Chocolat

            One of my favorite movies is Chocolat.  The 2000 movie is set in a small French village in the late 1950’s, and stars Juliette Binoche, Judy Dench, Alfred Molina and Johnny Depp.  I love it because it is a good movie, but more than its cinematic quality I love it because of its message.  In the movie Vianne is a skilled maker of chocolate who wanders throughout France and finds herself settling and setting up shop in a very traditional French village.  When she arrives in this village, there is great distrust and even hatred toward her and her daughter.  This animosity involves many factors, but it is pinned on the fact that she has the nerve to open a chocolate shop right in the middle of Lent.  For the citizens of this village, Lent is seen as a time of denial and repentance, and when one in their village does not conform to their practice they do everything they can to drive her away.  The leader of the town tells Vianne early in the movie that their ancestors drove those accursed Huguenots away in a matter of weeks and that she presents a far less challenge than they did.
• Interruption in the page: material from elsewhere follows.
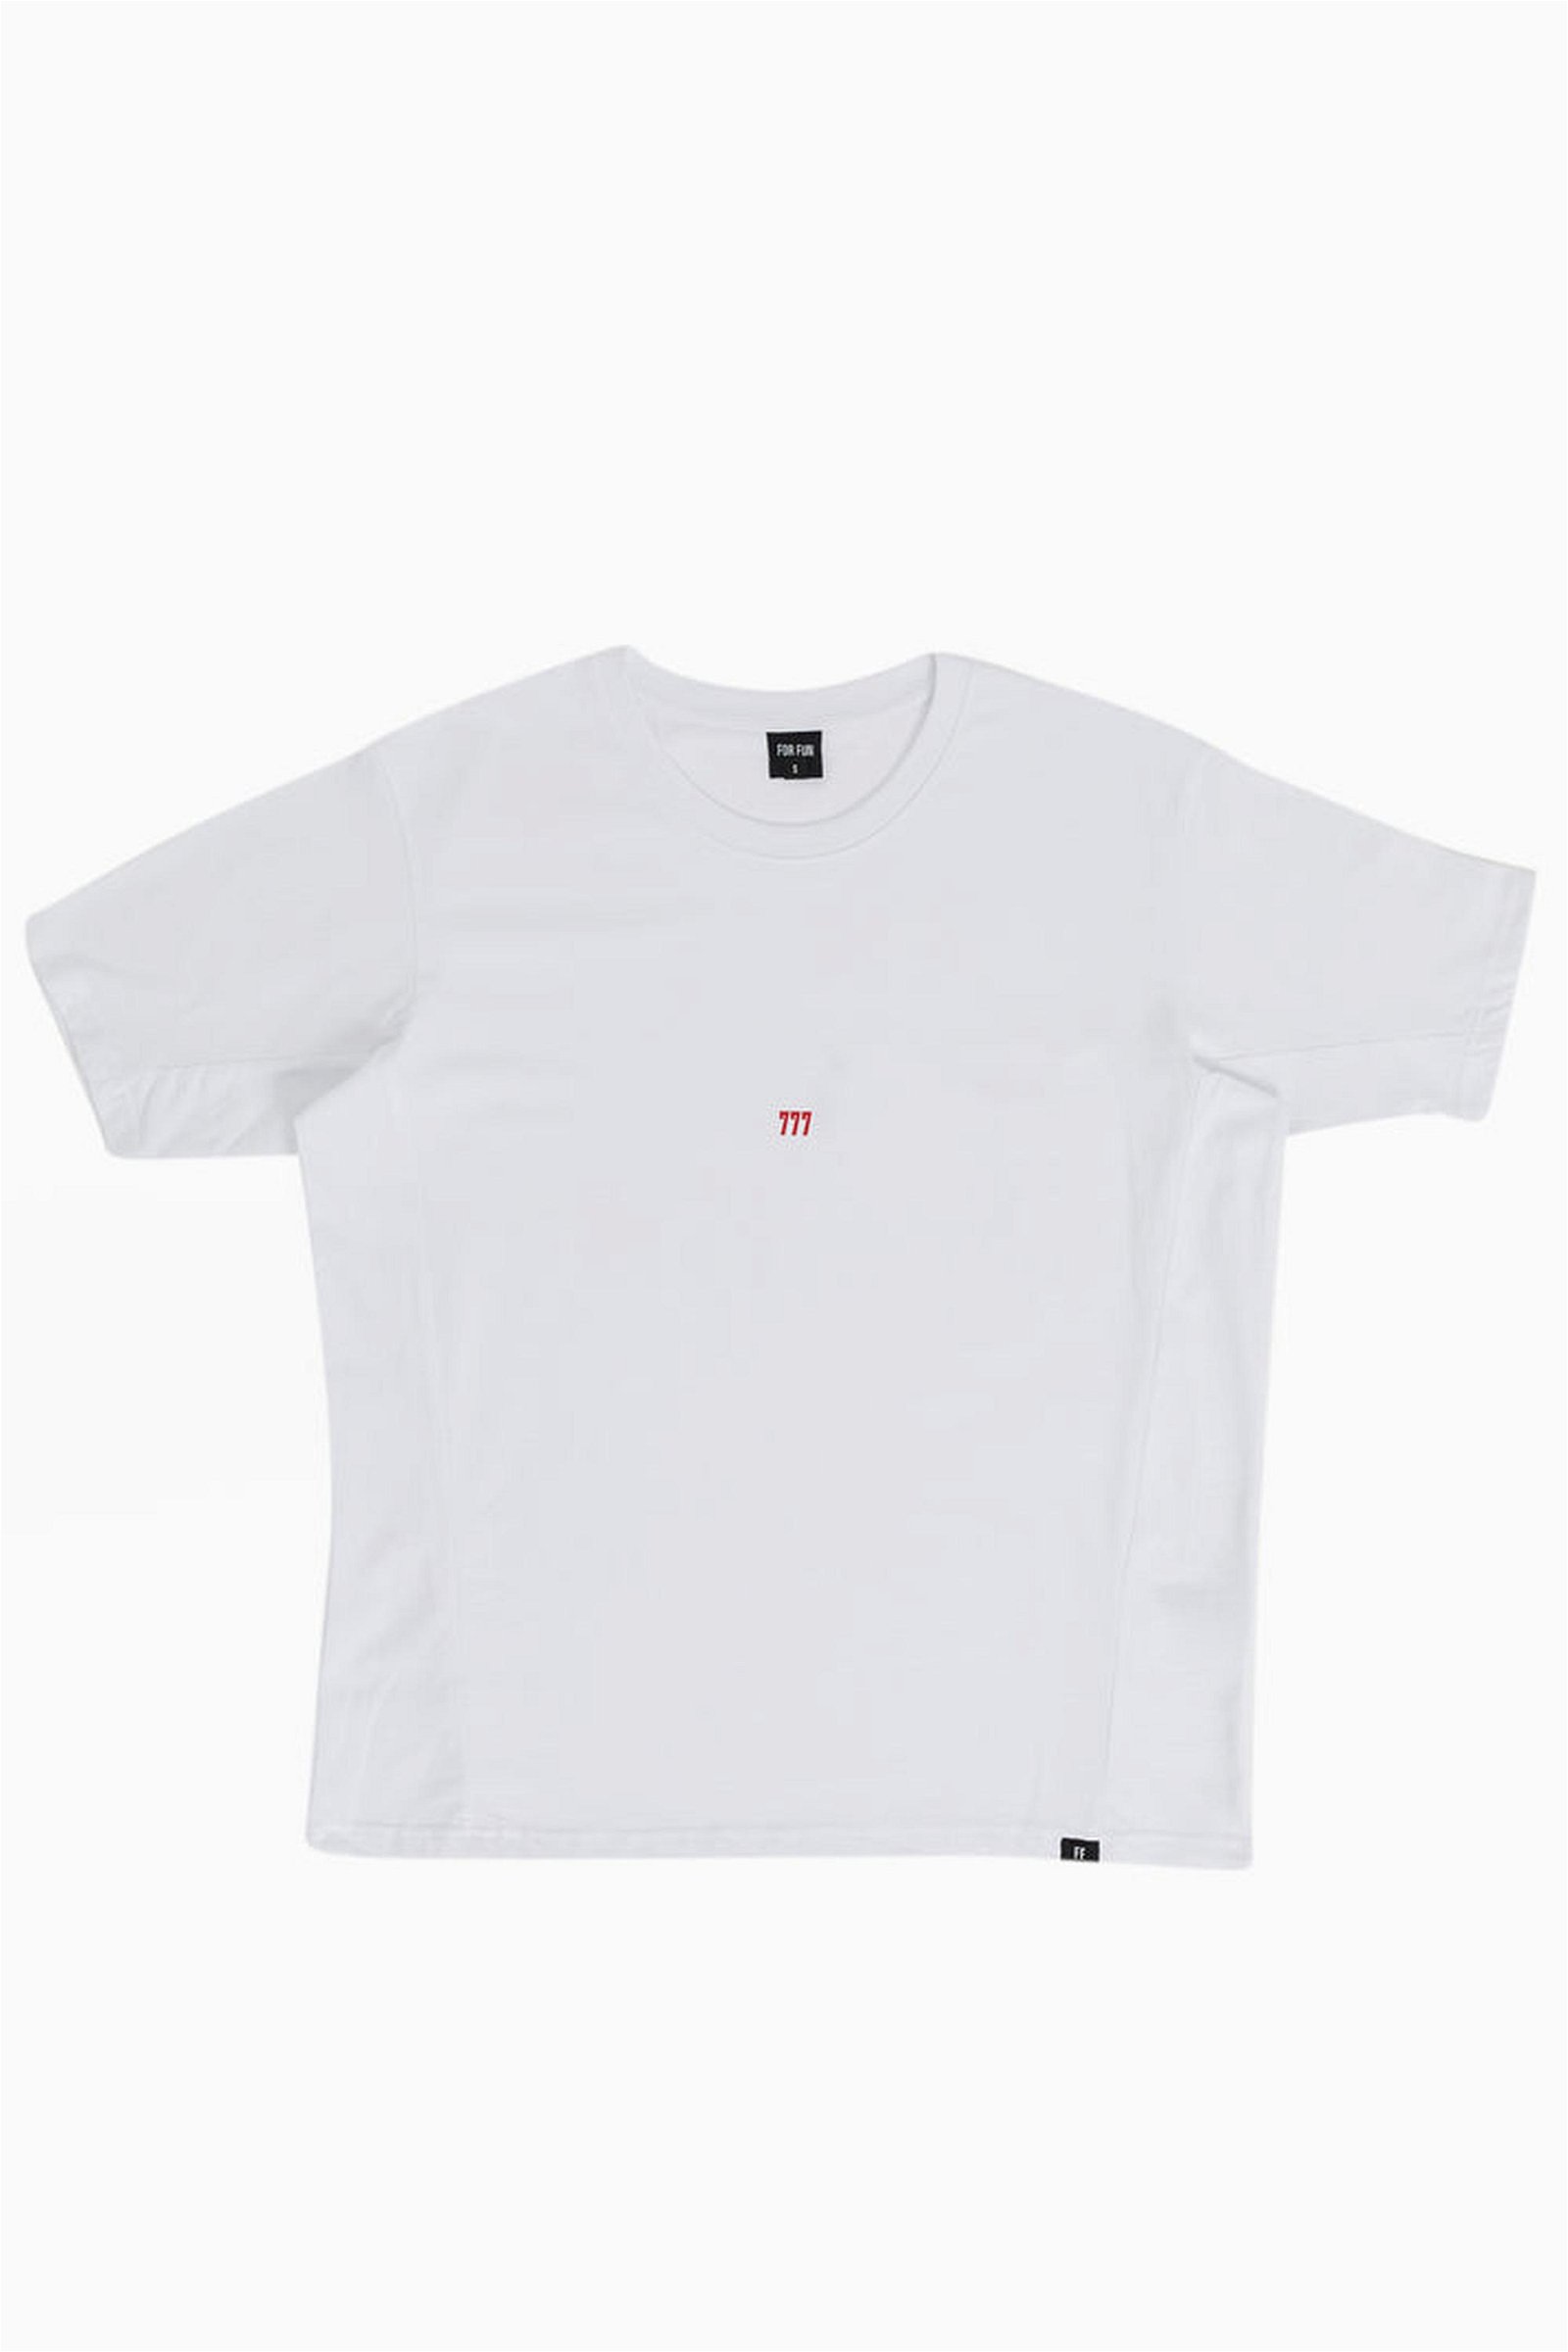 For Fun 777 Erkek Beyaz T-shirt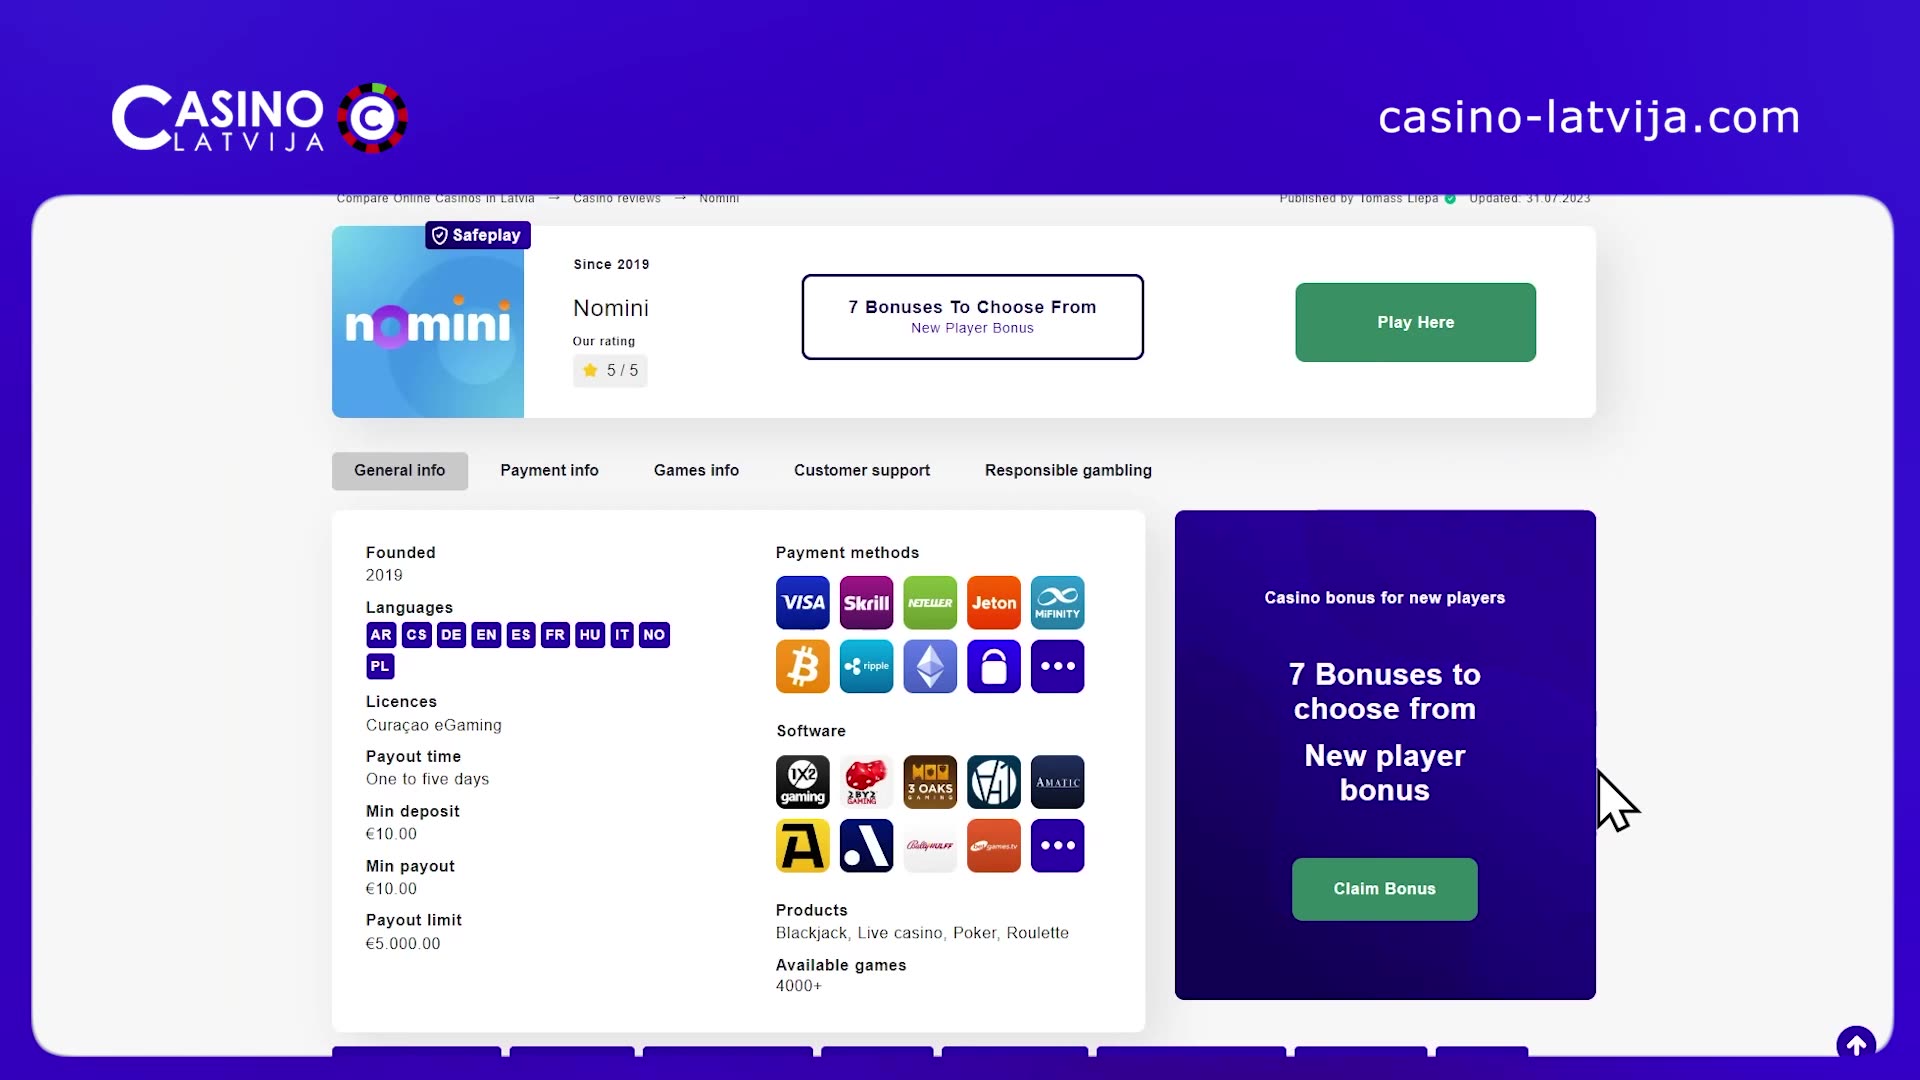 Nomini Casino Review

            What makes the movie difficult is that Vianne, though an outsider, befriends hurting people and treats them with love that should have been coming from the Christian community.  She helps a lady who is abused by her husband, and welcomes a group of drifters while the village launches a campaign to “boycott immorality.”  The priest of the church is caught in the middle of all of this.  He knows that something is wrong with the way the Christians are acting, especially the mayor of the town who writes his sermons for him and coaches him all along the way.

            What challenges me most about the movie is precisely the thing that I need to hear the most: too often Christians are far more concerned with their rules, rituals, and pious appearances than they are with welcoming the stranger in their midst or offering healing to the hurting.  Chocolat makes this point abundantly clear, and I hope you’ll watch this movie.

            It is said that the Baptist preacher and sociologist Tony Campolo was once speaking to a group of conservatively pious Christians and told them that “every day 30,000 children die because of hunger and preventable diseases[1] and you don’t give a damn.”  He quickly continued, “and what’s so bad is that you are more upset that I said damn than about the 30,000 children who are dying today.”

            May God bless us to major on the majors and minor on the minors.


          [1].  Ronald J. Sider, Rich Christians in an Age of Hunger: Moving from Affluence to Generosity, New ed. (Lanham, MD: Thomas Nelson, 2005), 3.